I have been living in Vietnam for four years. So I heard those informations from my colleagues . They talked many things about their country, HCM city, habits of Saigon people. So I also know a little useful knowledges . 

I don't think so much about city name which used after or before 1975. Because Saigon had ever been *a Pearl of Indochina,* but the war destroyed the city, it's terrible. But now I see HCMc is more modern than before, and many Vietnamese didn't think much about the war, they love their country, their city and they have been working hard to improve their life. 

Last of all, Saigon or HCMc, it deponds on everyone. If foreigners come to Vietnam, they visit places in District 1, and they can tell that they were in Saigon. If they're out of center of the city and visit other places in the suburb of city, such as Cu Chi tunnels they can tell that they were in HCMc . 

So if we ask Vietnamese that what name of city they called, they'll ask it's HCM city, because that's a name of their hero. And do things like Vietnamese do.


----------



## riccardo66

I've been there six or seven times since '94 and it's always Saigon with all the people I've met, 'HCMC' is just what they put down on a form or for sending mail for example.


----------



## Lugubert

My friend's (Swedish) passport gives the birthplace as Ho Chi Minh.


----------



## aloannguyen

It's clearly that the two names indicate one place. HCMC is the official name used in formal documents. Meanwhile, Sai Gon is an old name and is more popular to people living in this city. In fact, the city has had so many other names but Saigon is still the most popular. People living in HCMC rarely say Ho Chi Minh City beacuse of the fact that there are 5 words (in Vietnamese) in the word compared to only 2 when pronouncing Saigon. However, for the other region, people prefer call HCMC. No one call HCMC without the word "city" to express the love to the great Uncle Ho.

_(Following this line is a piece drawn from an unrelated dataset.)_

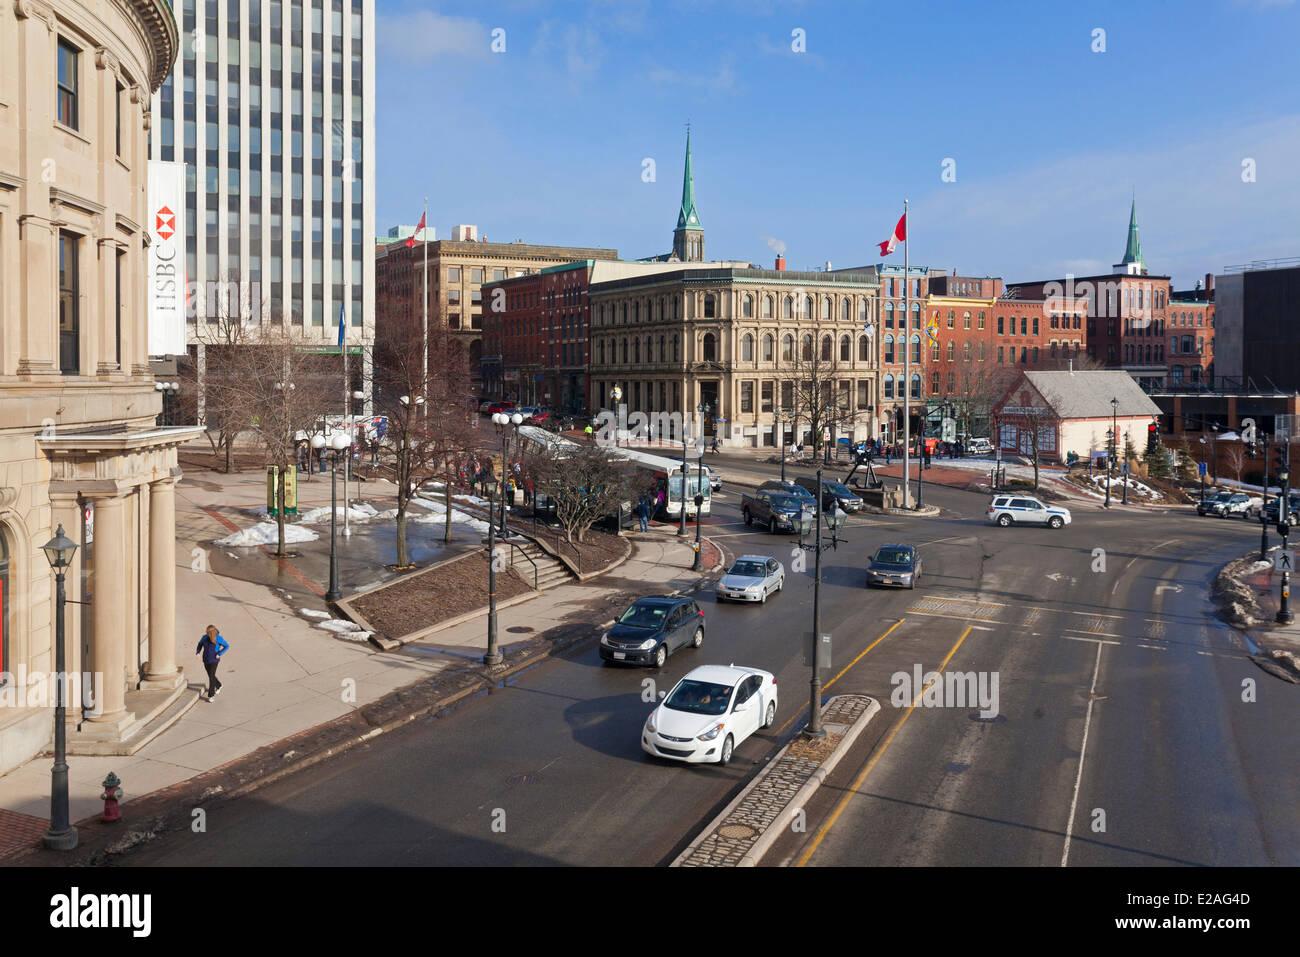 Canada, New Brunswick Province, Saint John, downtown, St. Patrick Street - Stock Image

Therefore, interestingly, when the nearby resident just says: "I am going to the city tomorrow", everybody will at once know that city is HCMC, because the other cities are spoken about without the word "city" included, such as we say Da Nang, instead of Da Nang city


----------



## lietnhuca

I'm so sorry . May i use " spoken word" ?

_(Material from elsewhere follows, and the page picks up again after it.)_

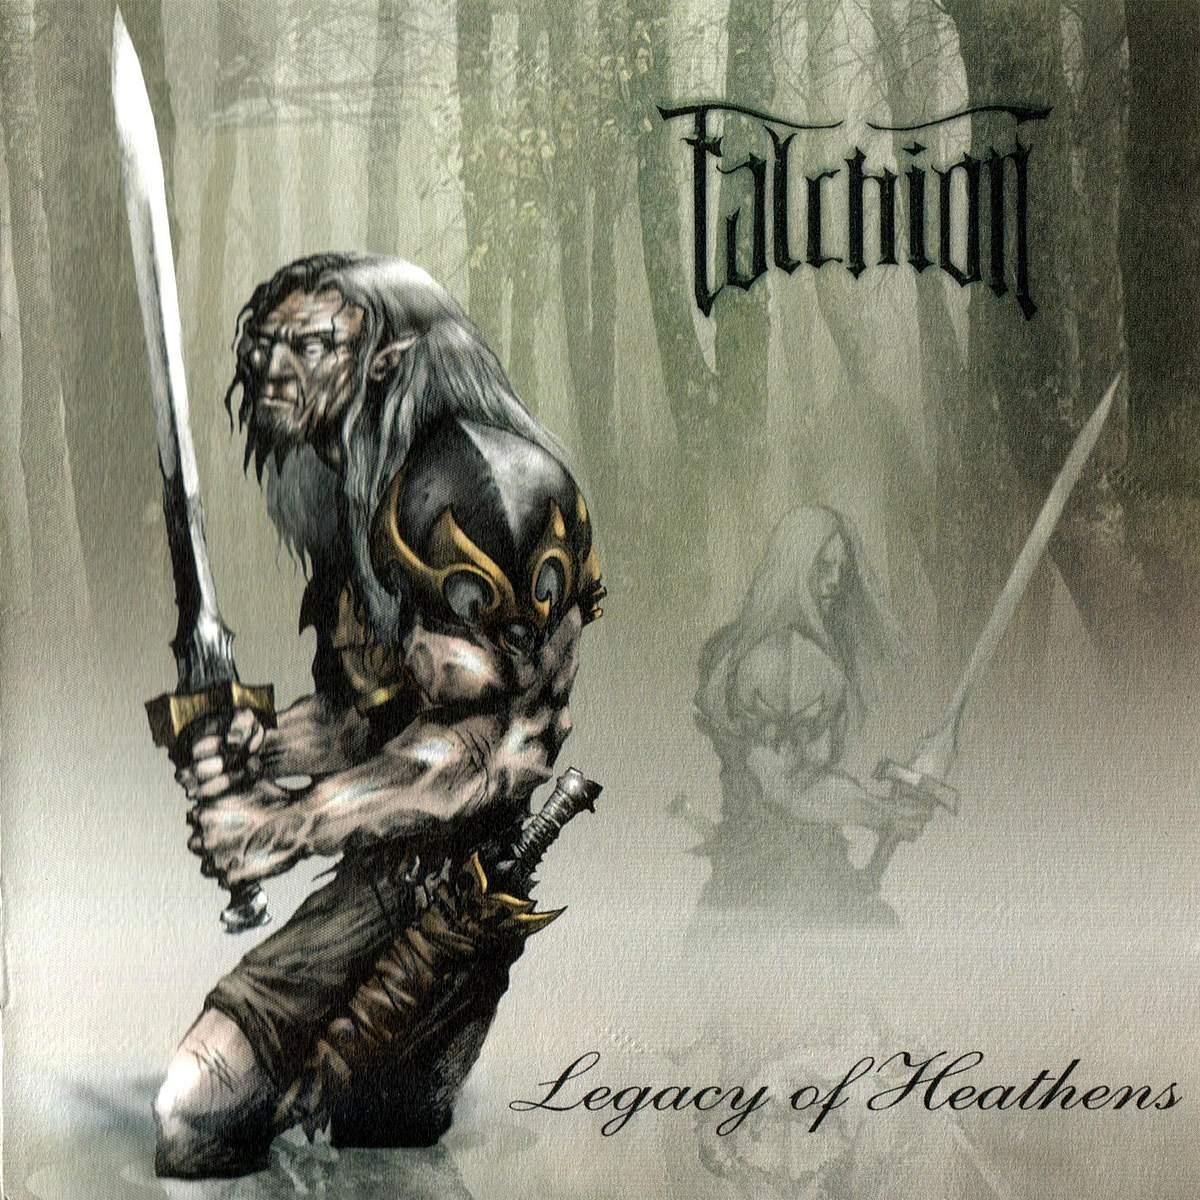 Falchion - Legacy of Heathens

People call Sai-gon ( feudal system 's full name  : Sài Gòn Gia Định  )  because that is habbit . However , when writting , all of us write  Ho Chi Minh City ( Thành phố Hồ Chí Minh ) in capital ( ho chi minh city <-- wrong ! you will be failed )

Actually member of union , comunist party alway speak and write : Ho Chi Minh City .

I have been living HCMC , District 1 ,nearly Ben Thanh Market


----------



## viscaelbarca

Ho Chi Minh city is official name.But people often use "saigon" because it's short.But most of people who live in South Vietnam use Saigon because of their political view.They hate communist party(of course they hate Ho Chi Minh).unlike people who live in HaNoi.
I'm from vietnam,and I hate Communist party.


----------



## dnb-merchant

i was travelling in vietnam and accidentally struck a nerve whilst asking a middle aged vietnamese woman for directions to "ho chi minh" she looked at me blankly i repeated. she only answered my question when i said Saigon. i didnt understand at the time but i do now. this is the only time i ever had any problem saying ho chi minh. but i would say the further south you go the more saigon is used in the older generation particularly.


----------



## Radioh

I would say people living in some rural areas(in the South, at least) don't even know the city's name was changed. My grandparents always and only called it Saigon. I know the official name is Ho Chi Minh but always say Saigon(and so do my family and a lot of my acquaintances here) unless I'm writing something formal. However, I don't think I will get into any trouble for writing Saigon in an essay.


----------